66. The method of claim 65, wherein the viral vector is a lentiviral vector or a retroviral vector.

67. The method of any one of claims 60-64, wherein the nucleic acid is an RNA molecule.

68. The method of any of claims 60-67, wherein the vector is introduced into the immune cells by lentiviral transduction, retroviral transduction, DNA electroporation, or RNA electroporation.

69. The method of any one of claims 60-68, further comprising (iv) activating the immune cells expressing the chimeric receptor.

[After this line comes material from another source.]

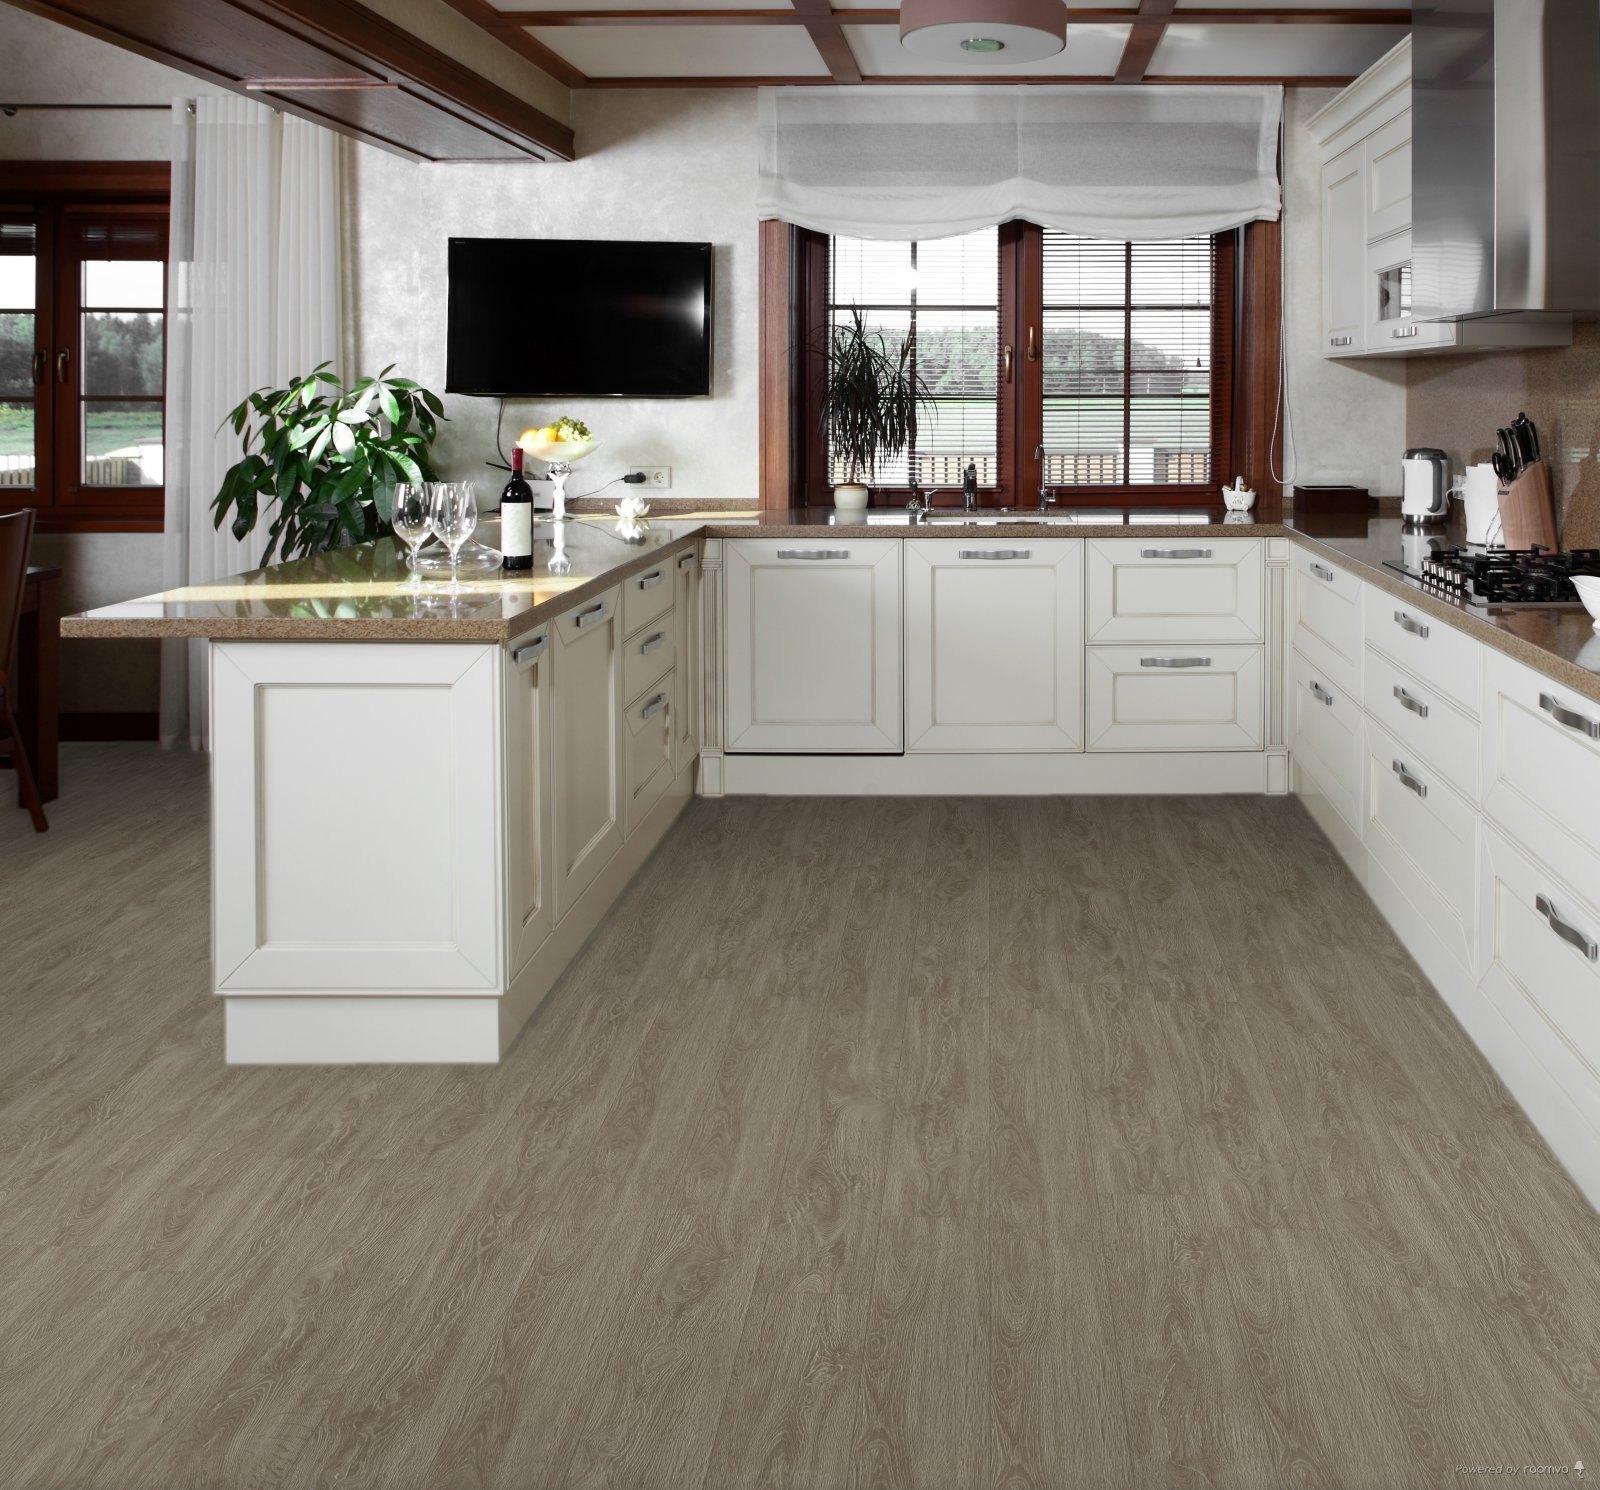 Horizen Flooring presents to you a picture of a quality wide plank Aspen luxury vinyl plank. NovoCore Premium EIR collection features a wide range of colors & designs that will compliment any interior. Natural wood grain synchronized surface allow for an authentic hardwood look & feel. This collection features a 0.25″ / 6.5 mm overall thickness and a durable 22 mil / 0.55 mm wear layer for residential and commercial applications.

70. The method of claim 69, wherein the immune cells comprise T cells, which are activated in the presence of one or more of anti-CD3 antibody, anti-CD28 antibody, IL-2, and phytohemoagglutinin.

71. The method of claim 70, wherein the immune cells are T cells in which the endogenous T cell receptors are inhibited or eliminated.

72. The method of claim 69, wherein the immune cells comprise natural killer cells, which are activated in the presence of one or more of 4-1BB ligand, anti-4-1BB antibody, IL-15, anti-IL-15 receptor antibody, IL-2, IL-12, IL-21 and K562 cells.